Gang shackles define life on the Ford Block

By Simon Collins

Being born into a Ford Block gang is like being born an Israeli or a Palestinian - there seems no way out without betraying your brothers.

"Several family members were a part of it," says a man who grew up in a gang. "It was around all the time. It didn't matter if you had a patch or not."

Now 36 and a father of seven, the man aims to stay out of trouble.

But when his 25-year-old brother turned up during a Herald interview after being cut across the head with a machete, the man felt obliged to exact terrible revenge against the rival gang members who inflicted the injury.

"The Block's going to be hot tonight," he vowed. "I'll go and catch them. That's how it is down here - touch one of mine and I'll touch 10 of yours."

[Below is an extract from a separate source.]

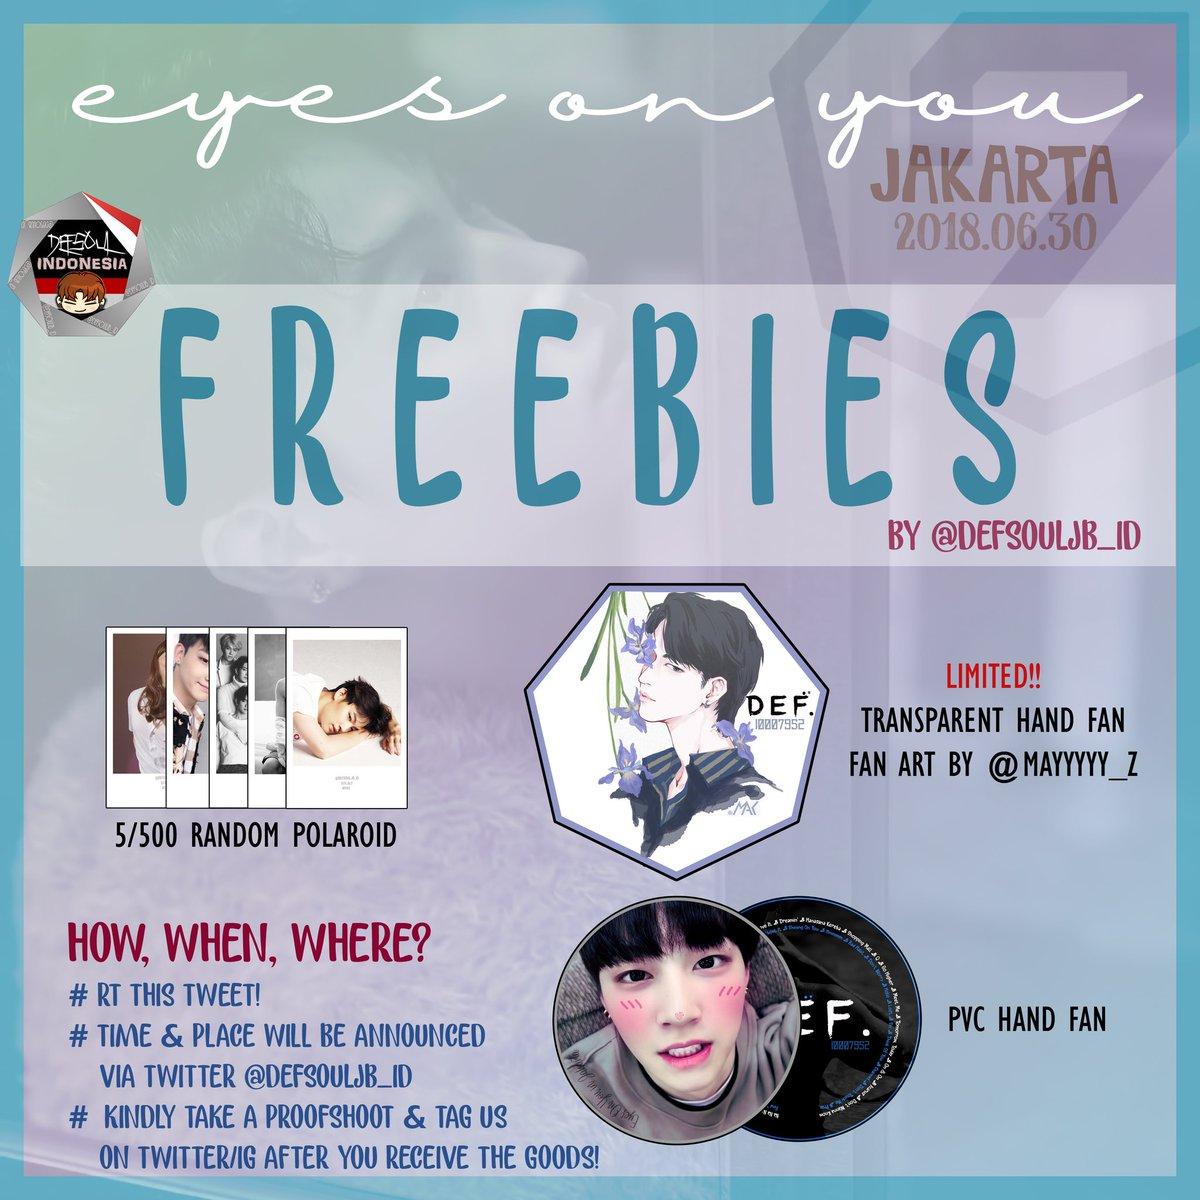 #EyesOnYouinJKT Freebies Fansupport by @DEFSOULJB_ID    Polaroids Set  PVC Hand Fan   (Limited!) Transparent Hand Fan of beautiful 뽐 FanArt by @Mayyyyy_Z   Special Giveaway &amp; Lucky Draw  Kindly help RT and share~   #EyesOnYouinJakarta #GOT7inJKT #GOT7 <br>http://pic.twitter.com/yM7cIbmxL3

The man, who was in and out of jail for 15 years in Rotorua, moved to Auckland in 1999 and stayed out of jail for six years. He and his family moved back to Rotorua last year, and he was back inside within weeks.

"I love this town but I don't love what it does to people, how the people are," he said.

"They say you can take yourself out of Rotorua but you can't take Rotorua out of you. Because there's a lot of Rotoruans up there in South Auckland. We leave here for a better life, but they have taken Rotorua lifestyle with them - all the drinking, the parties and stuff."

The gangs are not unique to the city. Jackson Te Pairi, a Rotorua driving instructor, 45, grew up on a farm and then in Murupara. In both places his father and his friends drank and got into fights every weekend.

Mr Te Pairi was sexually molested by an uncle, who was about 15, every night for two years from about the age of 5. He learned later that molestation ran in the family and the uncle had probably been abused himself.

Mr Te Pairi's father would come home drunk and sometimes beat him for no reason.

When he left school and got a job pruning pine trees, Mr Te Pairi found himself working with Mongrel Mob members, and became a fully patched Mobster at 16.

"You are accepted in there. You go in there with warts and all," he said.

"You grow up being sexually abused and then getting slapped around and given a hiding by your dad, then getting beaten up by the cops. Who can you trust?" he asks. "It's hard to find people you can trust, let alone talk to, except people in the gangs."

But joining a gang means going to war. Rotorua was then a Black Power stronghold, and when Murupara Mob members went into town, the "Blacks" would pick them off and attack them.

Even within the Mob, members would pick fights with one another.

"I remember watching this guy pull a fencepost off a fence and he's into his mates. It was just, 'There goes Arthur ... '

"To this day I reckon none of them know why the Blacks hate the Mongrel Mob. When I was in the Mob, I didn't know why," Mr Te Pairi said.

Rotorua social worker Glennis Dennehy, who wrote The Girls in the Gang (2001), said many young men in gangs, and well over half their girlfriends, had been sexually abused before joining.

Only one of the women she interviewed came from "a nurturing family". Most had experienced family violence.

"Often they moved to gangs because this guy was a big strong protector and had his mates that supported him," she said.

In the Ford Block, locals say gang patches are seen less these days. Sure, a house at 36 Ford Rd was burned by the Mongrel Mob recently to punish a family with Black Power connections. But the youngsters are forming looser groups called "West Side" (west of the city centre) and "East Side".

A solo mum off Ford Rd has seen groups of teenagers, some as young as 14, fighting other groups with batons at night. A man in his early 20s lost an eye and suffered a fractured skull after one street battle a month ago.

Some escape only by moving to Australia. Jackson Te Paihi found God. His new partner invited him to hear her sing in church, and he became a Christian.

Whether it is a church or perhaps a supportive workplace or a sports team, every gang member needs to feel that he belongs somewhere if he is to get out of the gang ghetto.

The Ford Block's Sunset Junior High School tries to get in early with "adventure-based learning" such as hunting trips or placements with the Maori arts and crafts institute Te Puia. Teachers hand write personal notes to parents when their children have done well.

When deputy principal Ann Edhouse told one mother that her son had been given a special certificate for achievement, "His mother sat there in tears and said, 'I've never heard anything good about him for years'."

One-armed retired Pastor Dan Rangi and his wife Betty run holiday programmes for children who have "nowhere to go and nothing to do".

"Love is a greater way," he said. "If we can show love to the kids, a proper constructive love that is hands-on so they can see another possibility, then there is no rebellion."